PA   <A-x-[ST](2)-x(0,1)-V.

This pattern, which must be in the N-terminal of the sequence ('<'), is
translated as: Ala-any-[Ser or Thr]-[Ser or Thr]-(any or none)-Val


          2.3.6. The MA line

The MA (MAtrix) lines contain the definition of a PROSITE profile (or
matrix) entry. The exact format content of this line is fully described in
a specific document (PROFILE.TXT) which is part of the PROSITE distribution
files.


          2.3.7. The RU line

The RU (RUle) lines contain the definition of a PROSITE rule entry. The
format of the RU line is:

RU   Rule_Description.

The rule is described in ordinary English and is free-format.


          2.3.8. The NR line

The NR (Numerical Results) lines contain information relevant to the
results of the scan with a pattern on the complete Swiss-Prot
knowledgebase.

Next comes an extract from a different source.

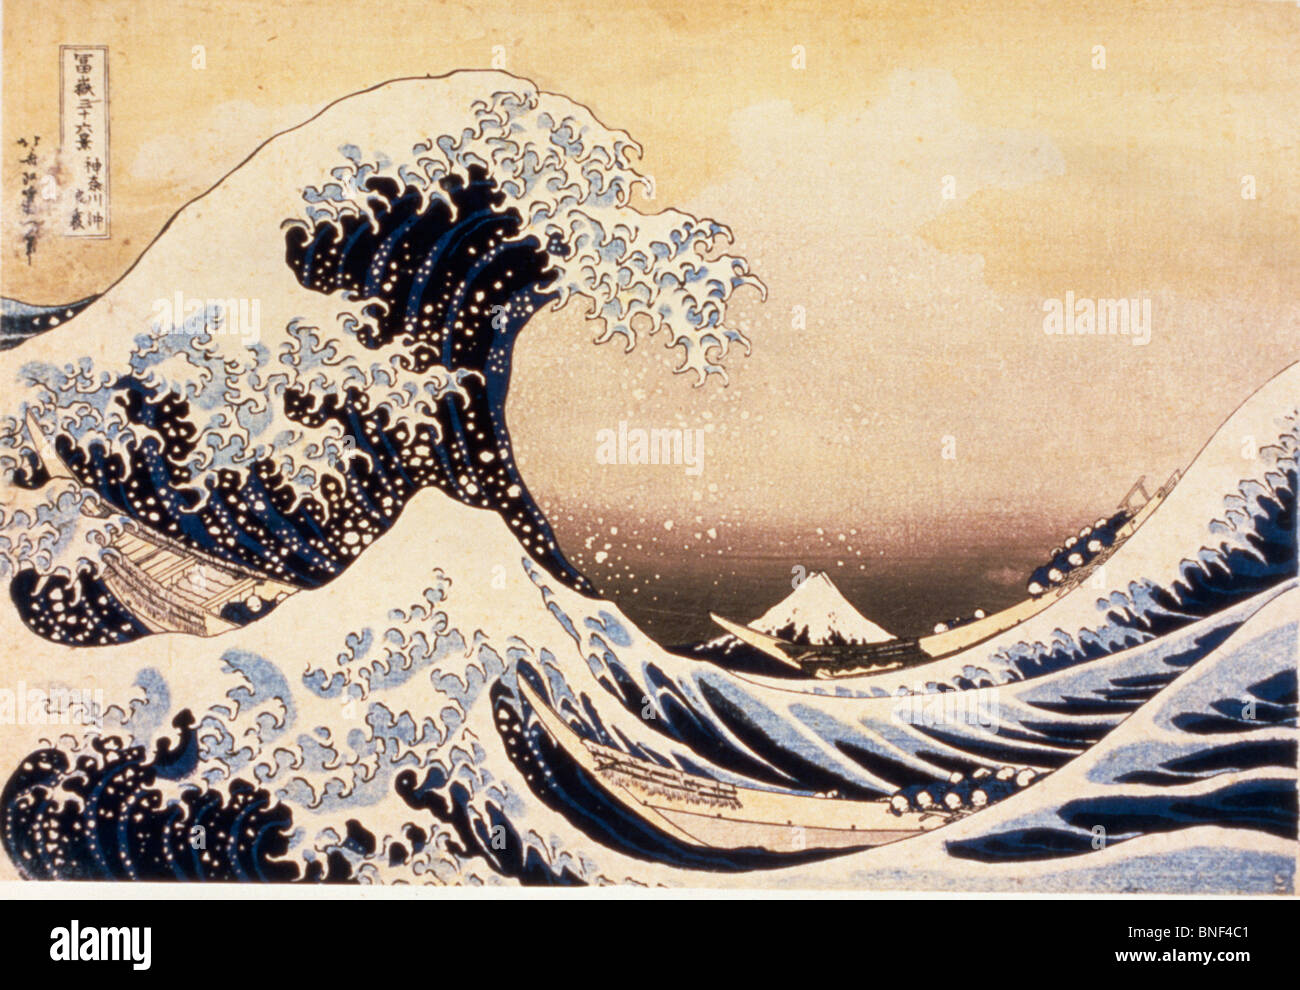 La grande vague de Kanagawa par Katsushika Hokusai estampe période Edo 19ème siècle 1760-1849 Musée national de Tokyo Japon Banque D'Images

The format of the NR line is:

NR   /QUALIFIER=data; /QUALIFIER=data; .......

The qualifiers that are currently defined are:

  /RELEASE      Swiss-Prot release number and total number
                of sequence entries in that release.
  /TOTAL        Total number of hits in Swiss-Prot.
  /POSITIVE     Number of hits on proteins that are known to
                belong to the set in consideration.
  /UNKNOWN      Number of hits on proteins that could
                possibly belong to the set in consideration.
  /FALSE_POS    Number of false hits (on unrelated
                proteins).
  /FALSE_NEG    Number of known missed hits.
  /PARTIAL      Number of partial sequences which belong to
                the set in consideration, but which are not
                hit by the pattern or profile because they
                are partial (fragment) sequences.

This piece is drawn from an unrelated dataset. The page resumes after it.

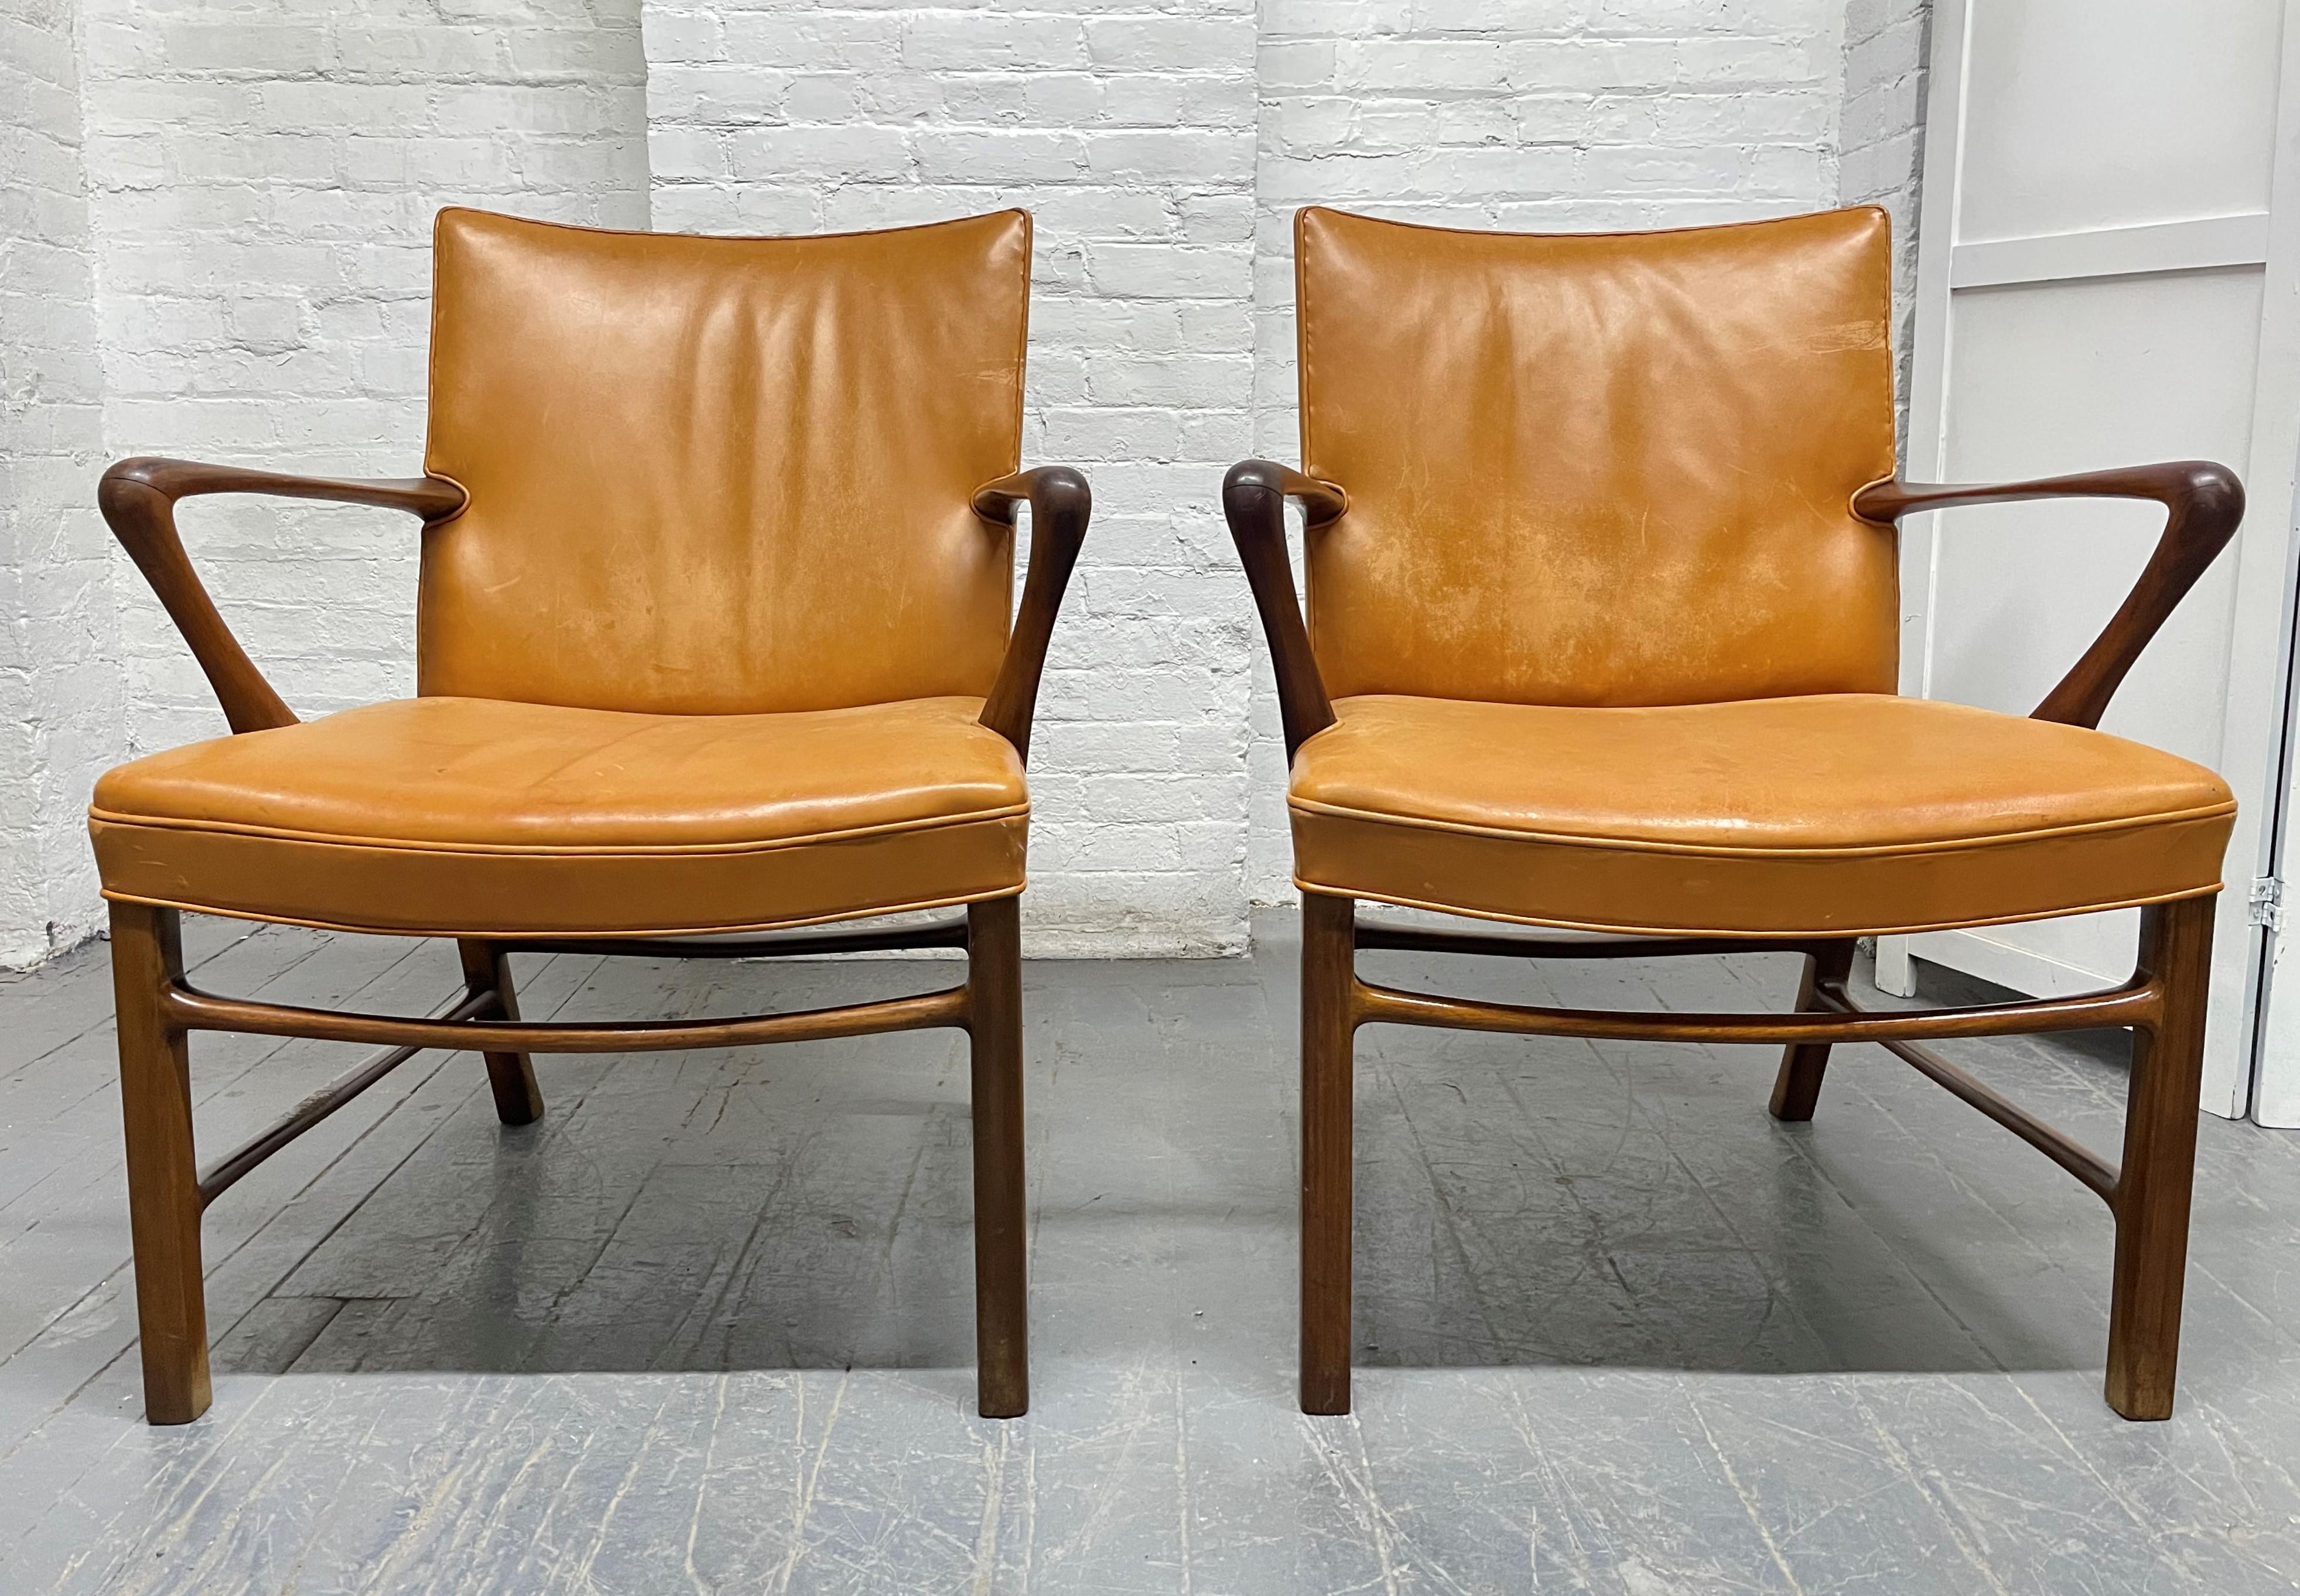 Paire de fauteuils Palle Suenson pour Jacob Kjaer. Les châssis des chaises sont en noyer et recouverts du cuir nigérien d'origine. Ces chaises ont de belles lignes et sont bien construites avec des accoudoirs courbés. Les chaises sont difficiles à

The syntax of the /RELEASE qualifier is:

/RELEASE=nn,seq_num;

where 'nn' is a Swiss-Prot release number and 'seq_num' the total number of
Swiss-Prot entries in that release.

For all other qualifiers the syntax is:

/QUALIFIER=x(y);

or

/QUALIFIER=y;

where 'x' represents the number of hits and 'y' the number of sequences. In
the majority of pattern entries 'x' will be equal to 'y', but for those
patterns that are designed to detect domains that can be repeated more than
once in a given sequence (for example: zinc-fingers, EF-hand regions,
kringle domain, etc.), 'x' can be larger than 'y'. Such a situation is
described in the following example:

NR   /RELEASE=40.7,103373;
NR   /TOTAL=123(56); /POSITIVE=115(51); /UNKNOWN=5(2); /FALSE_POS=3(3);
NR   /FALSE_NEG=3; /PARTIAL=2;

In the above example the scan for the pattern (or profile) was done on
release 40.7 of Swiss-Prot which contained 103373 sequence entries, that
pattern (or profile) was found 123 times in 56 different sequences
(/TOTAL). Out of those 123 'hits', 115 were produced by 51 sequences that
belong to the set under consideration (/POSITIVE), 5 hits were produced by
two sequences which could possible belong to the set (/UNKNOWN) and 3 hits
were produced by 3 other sequences (/FALSE_POS). That particular pattern
missed 3 sequences (/FALSE_NEG) and there were two partial sequences that
belong to the set under consideration but which do not include the region
that contains that pattern (or profile) (/PARTIAL).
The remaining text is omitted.